→ **Work to complete**:
Write out the data word for word and omit every picture.

→ **Information shown**:
:::
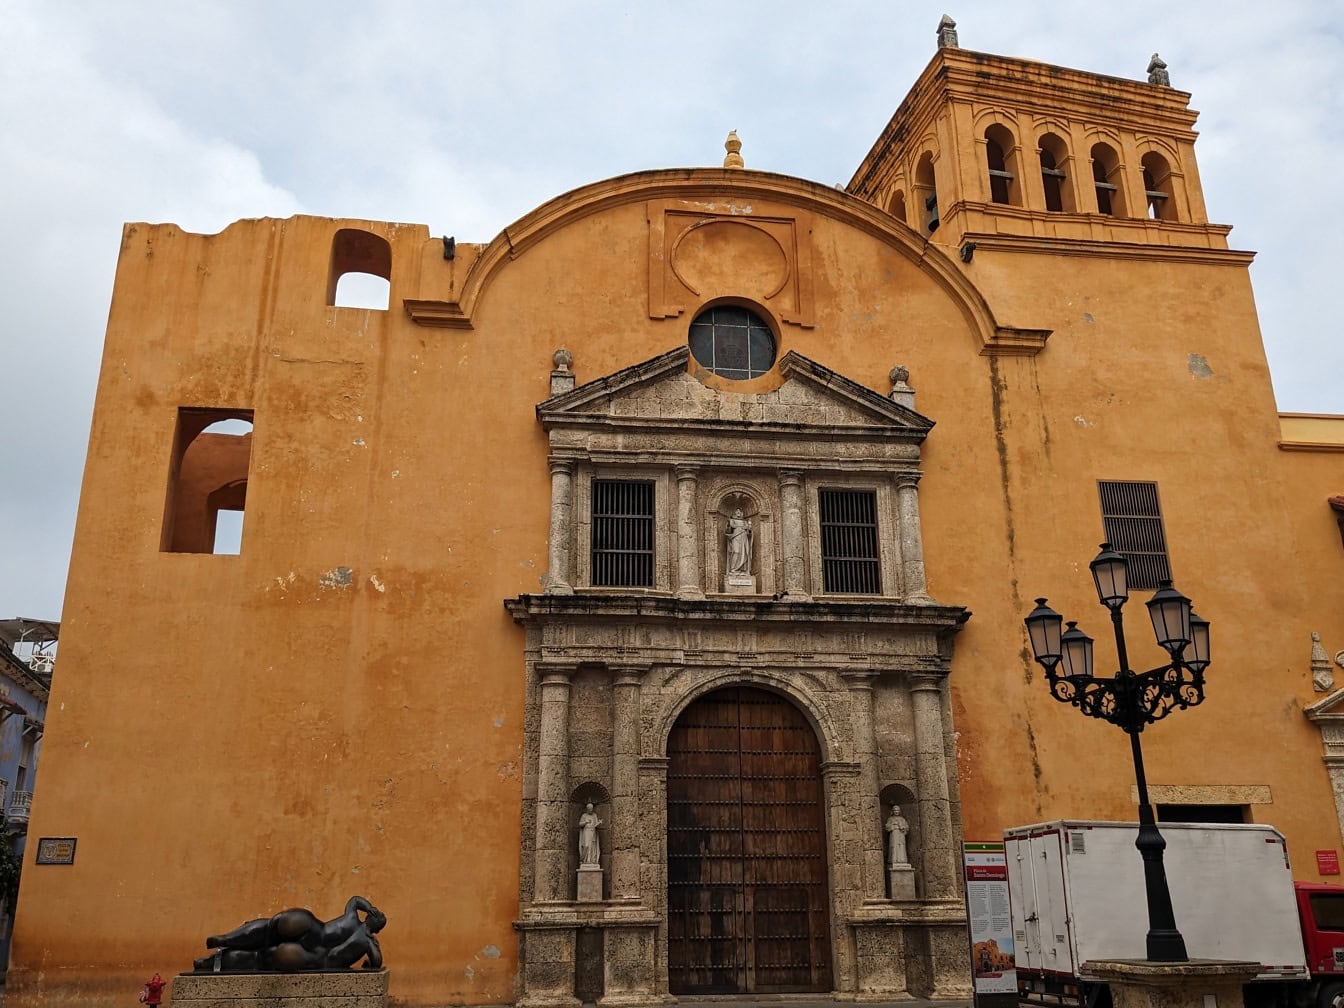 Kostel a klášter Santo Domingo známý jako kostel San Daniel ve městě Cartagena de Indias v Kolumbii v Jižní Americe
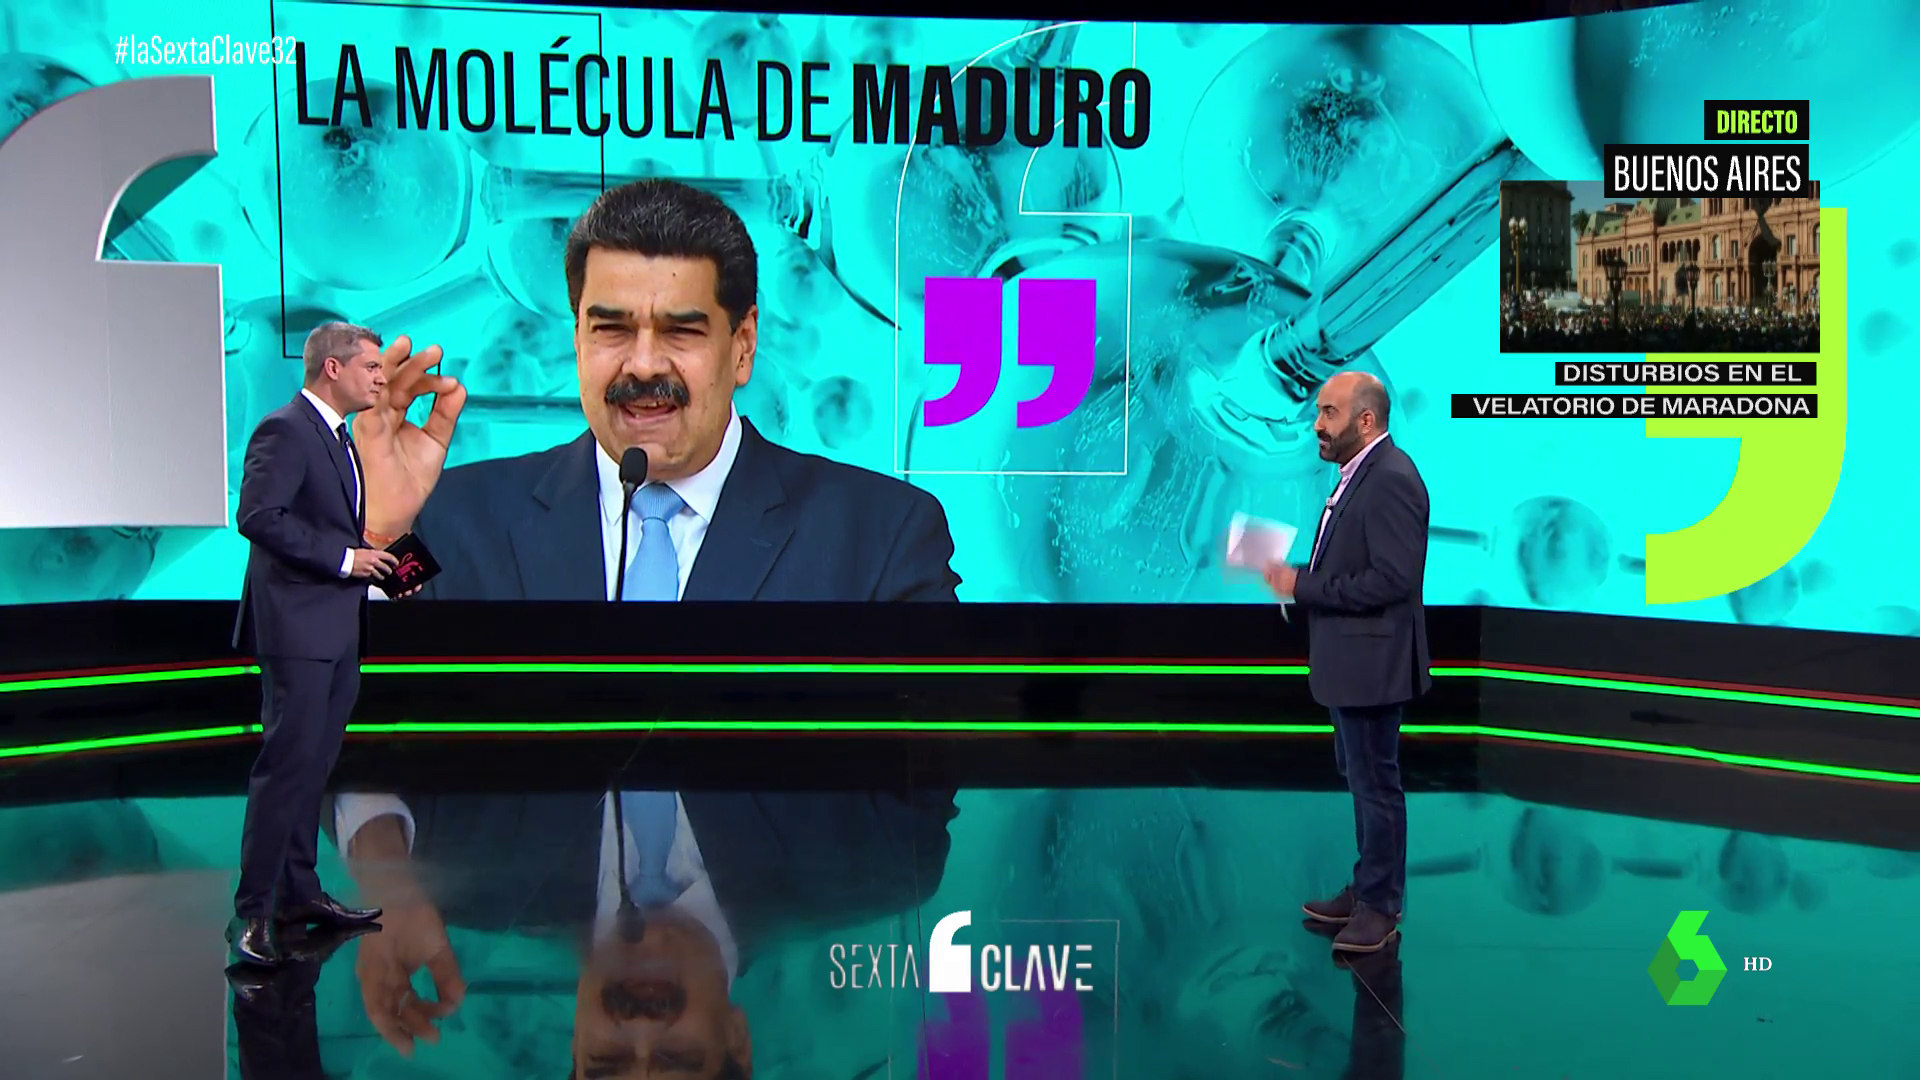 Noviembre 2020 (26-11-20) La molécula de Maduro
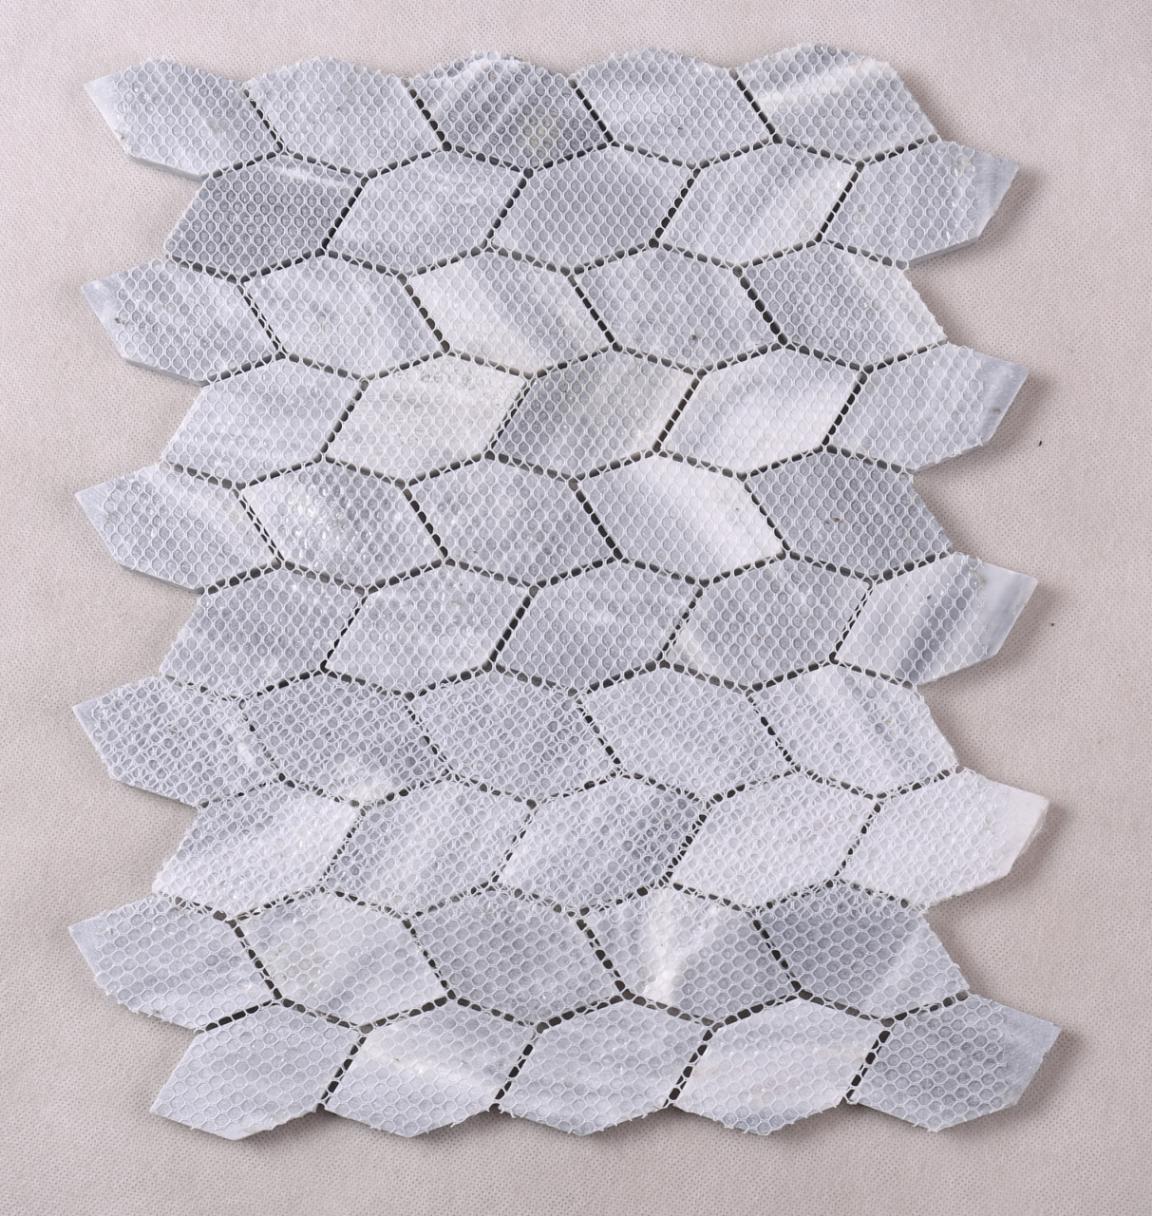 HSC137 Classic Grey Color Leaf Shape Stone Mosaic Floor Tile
:::
→ **Expected output**:
 Kostel a klášter Santo Domingo známý jako kostel San Daniel ve městě Cartagena de Indias v Kolumbii v Jižní Americe
 Noviembre 2020 (26-11-20) La molécula de Maduro
 HSC137 Classic Grey Color Leaf Shape Stone Mosaic Floor Tile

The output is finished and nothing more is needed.